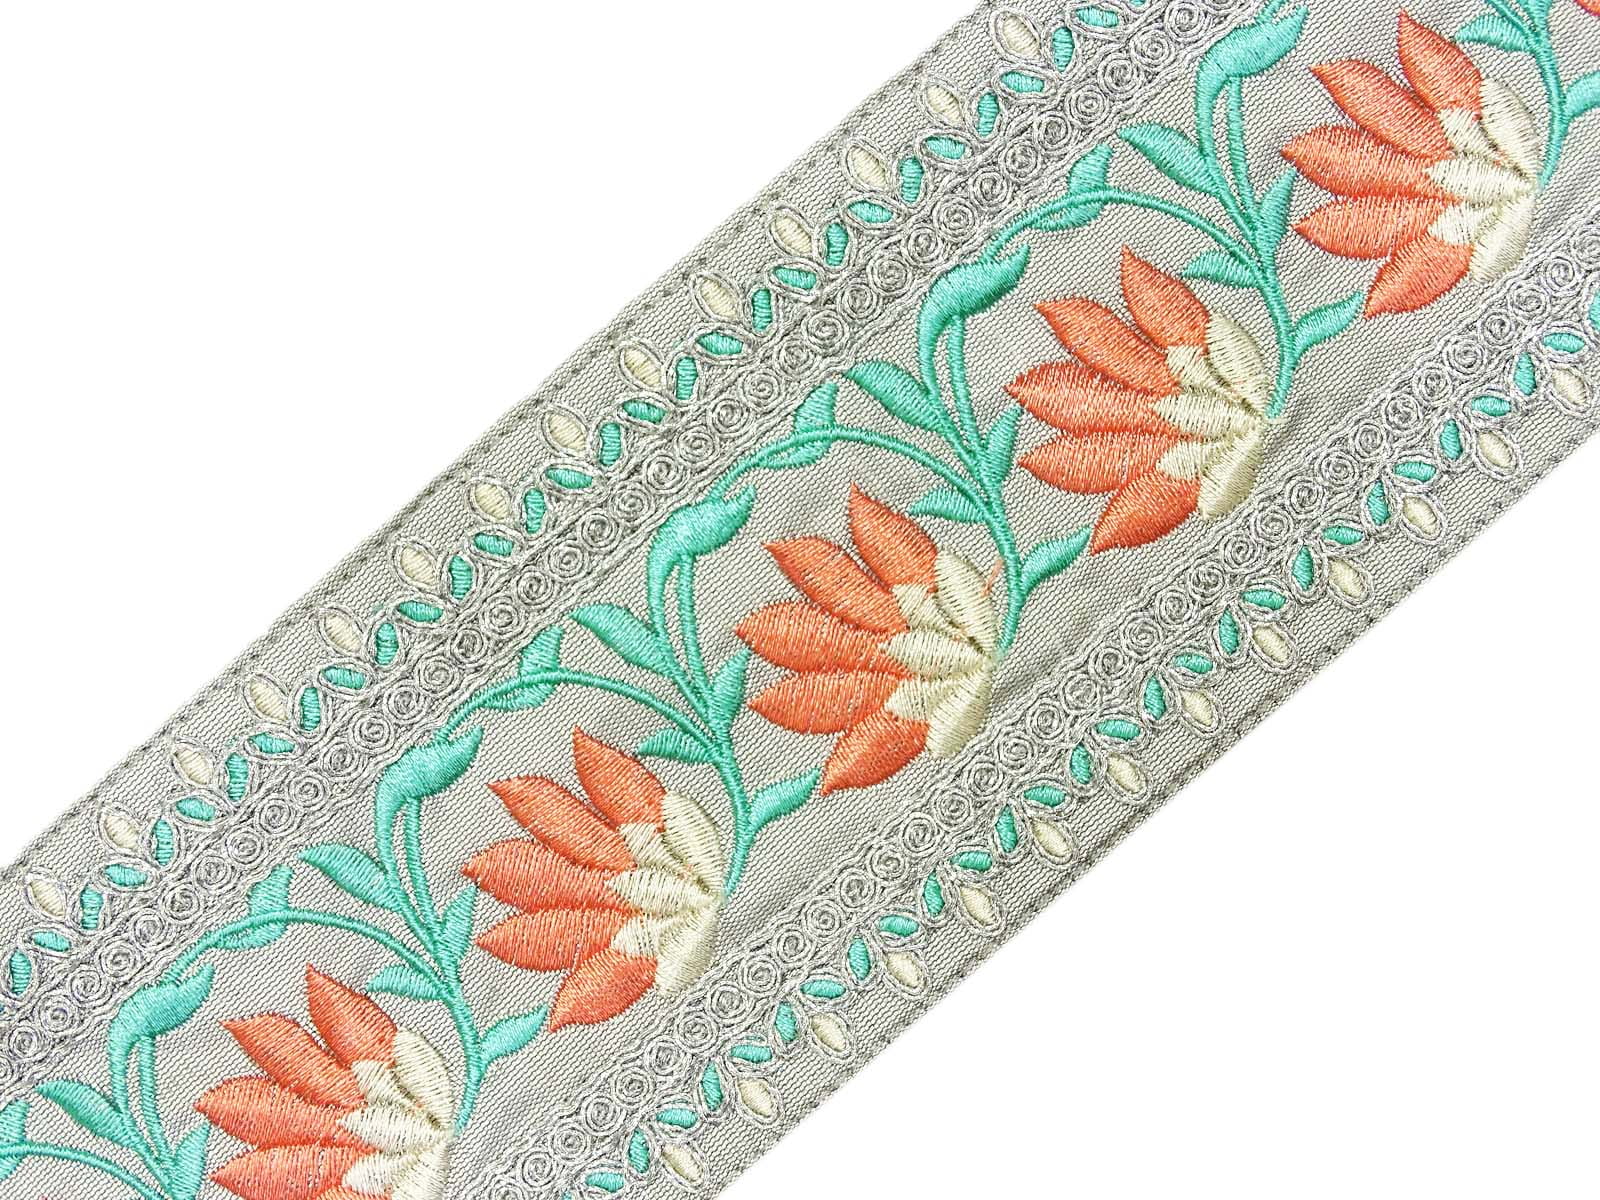 IBA Indianbeautifulart Beige Floral Laces for Crafts Dupion Trim Craft Supplies Border Lace by 3 Yard-3 Inch 
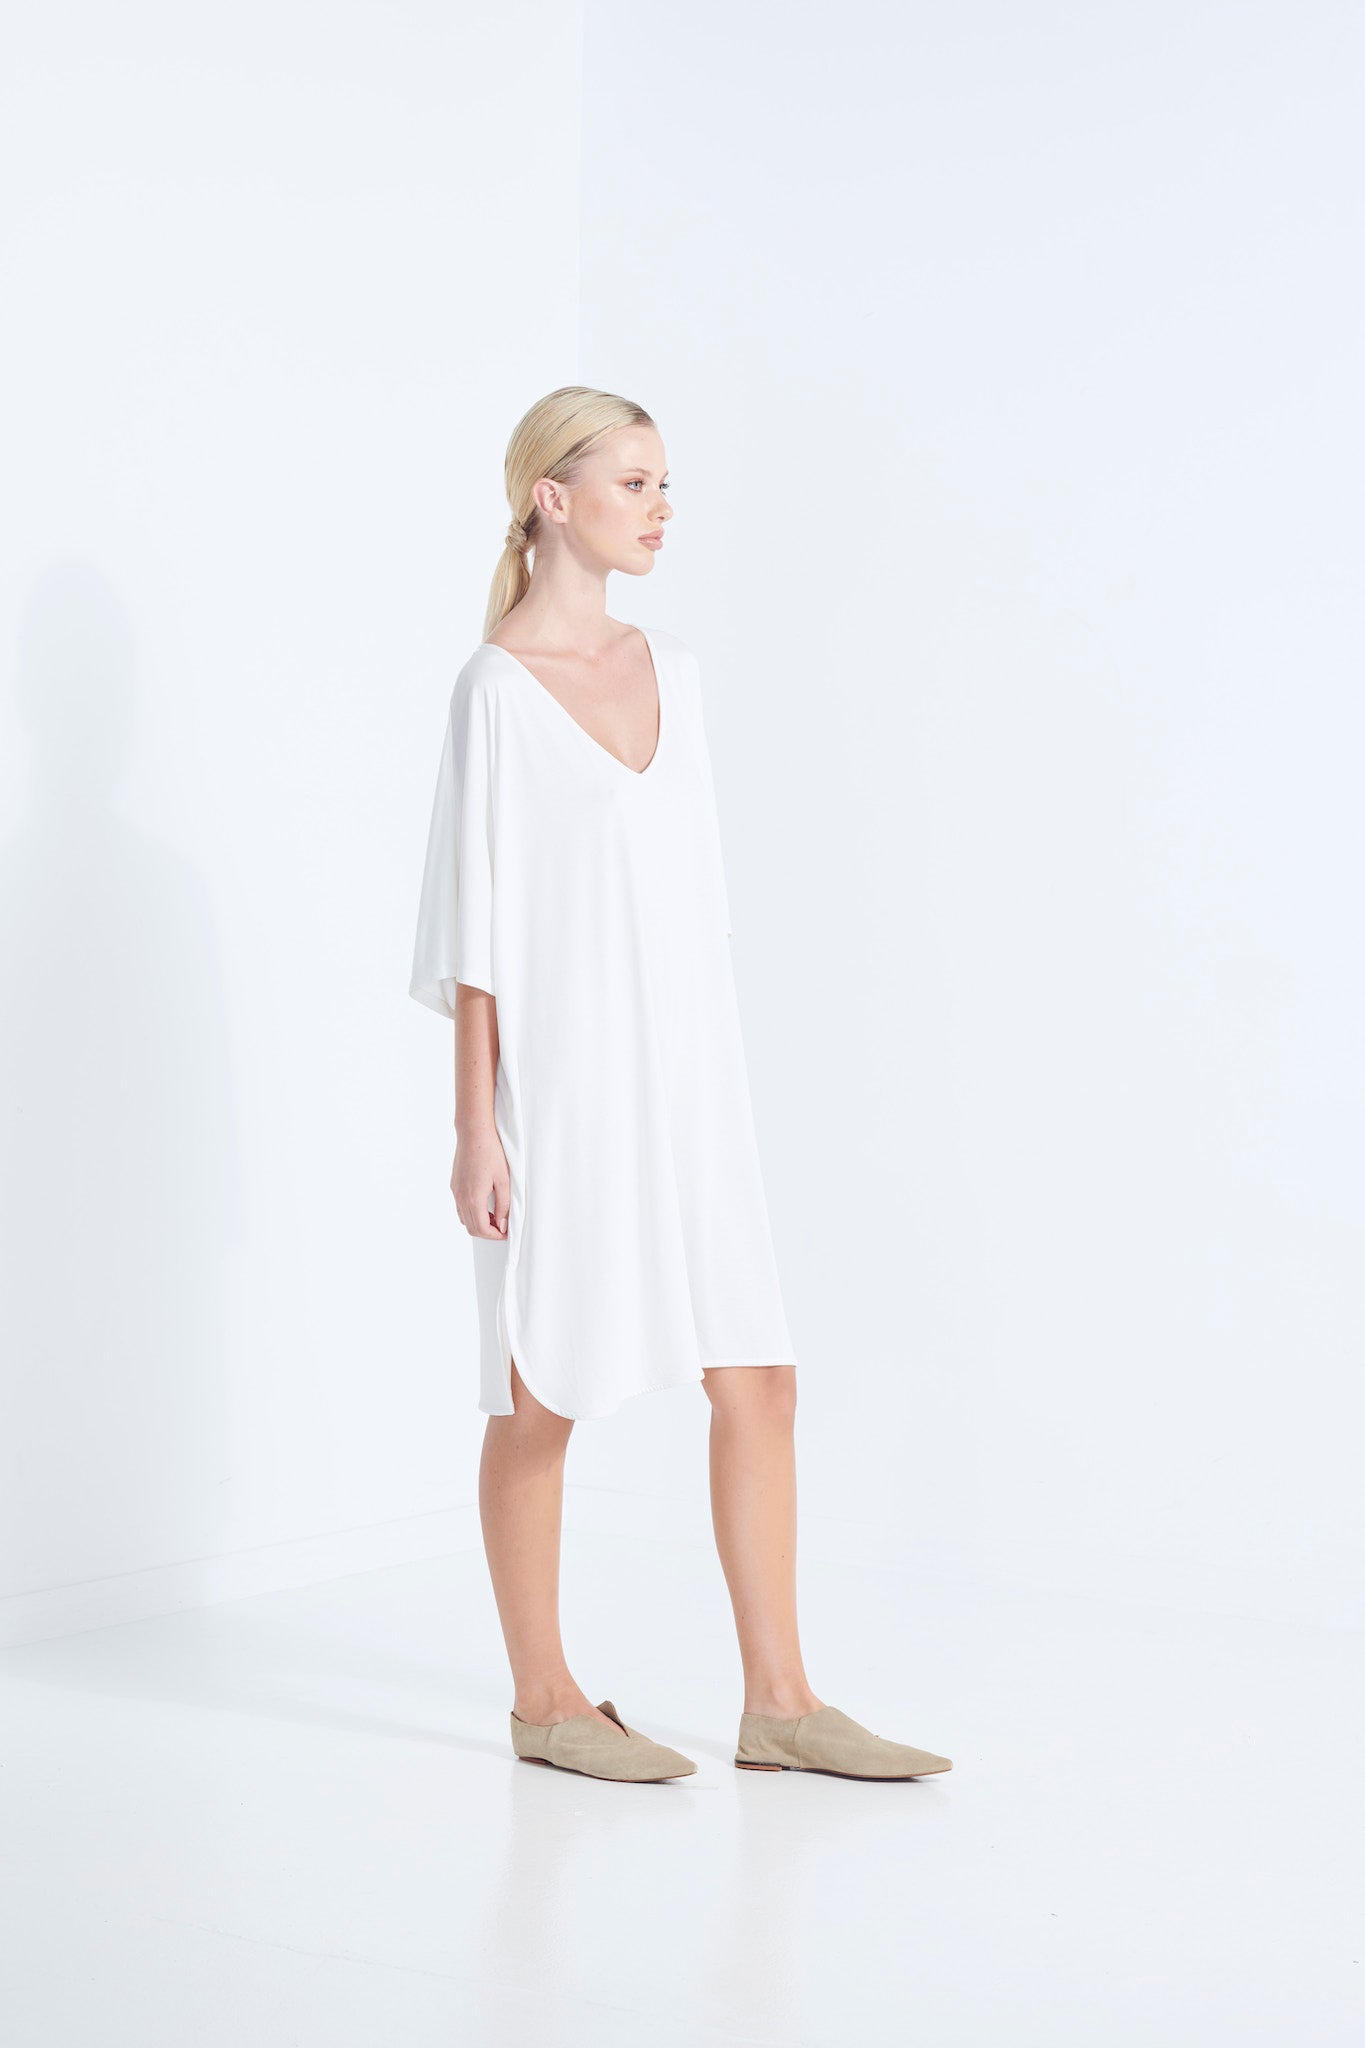 THEMIS DRESS LONGLINE T-SHIRT BEECHWOOD MODAL STRETCH WITH REMOVABLE TIE DEW MILKY WHITE  SIDE VIEW
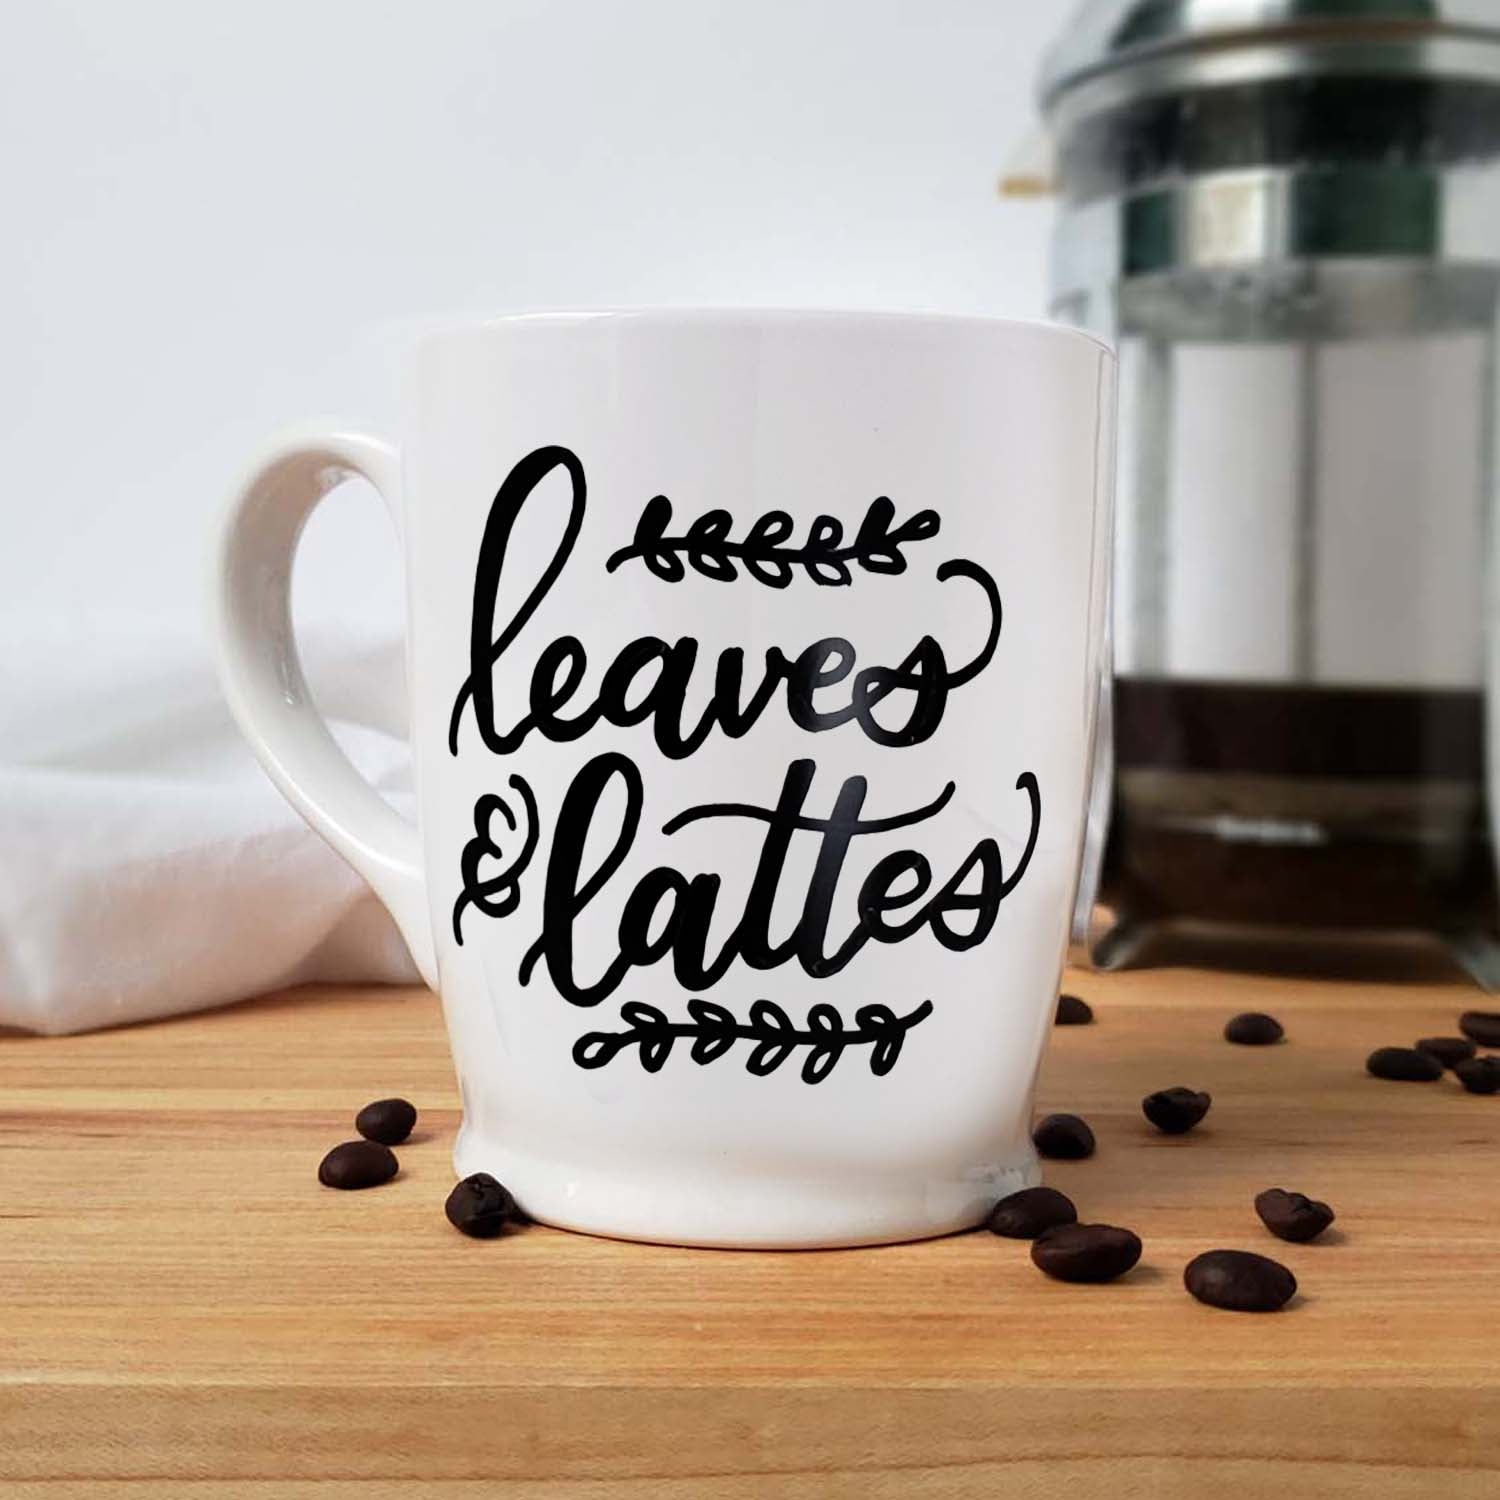 Hand painted white ceramic mug that says leaves & lattes with sprigs of leaves doodles shown on a kitchen counter with a french press, towel and scattered coffee beans
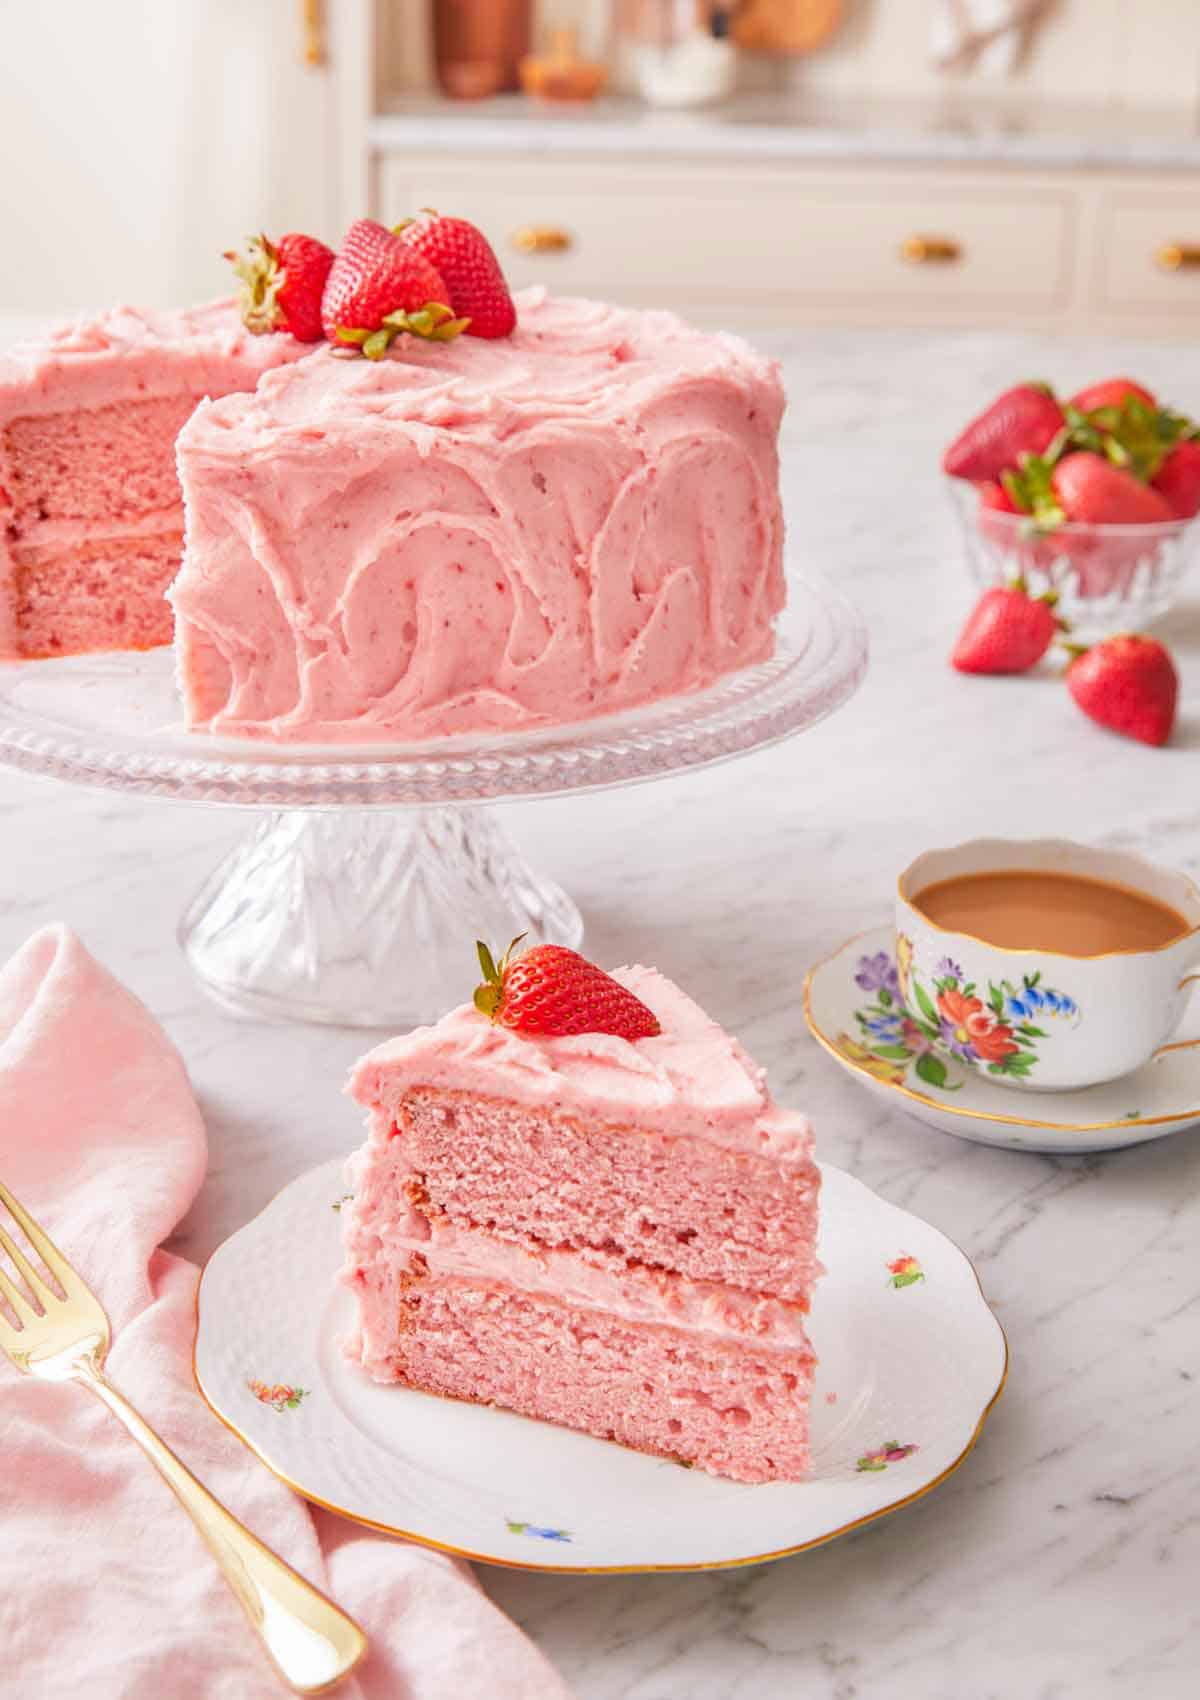 A strawberry cake on a cake stand with a slice cut and placed in front.

§ **TASK OBJECTIVE**: Starting at the line above that holds "THEMIS DRESS LONGLINE", repeat every line exactly down to and including the line that holds "Hand painted white", then stop. Do not carry over any pictures.

§ **THE ANSWER**:
 THEMIS DRESS LONGLINE T-SHIRT BEECHWOOD MODAL STRETCH WITH REMOVABLE TIE DEW MILKY WHITE  SIDE VIEW
 Hand painted white ceramic mug that says leaves & lattes with sprigs of leaves doodles shown on a kitchen counter with a french press, towel and scattered coffee beans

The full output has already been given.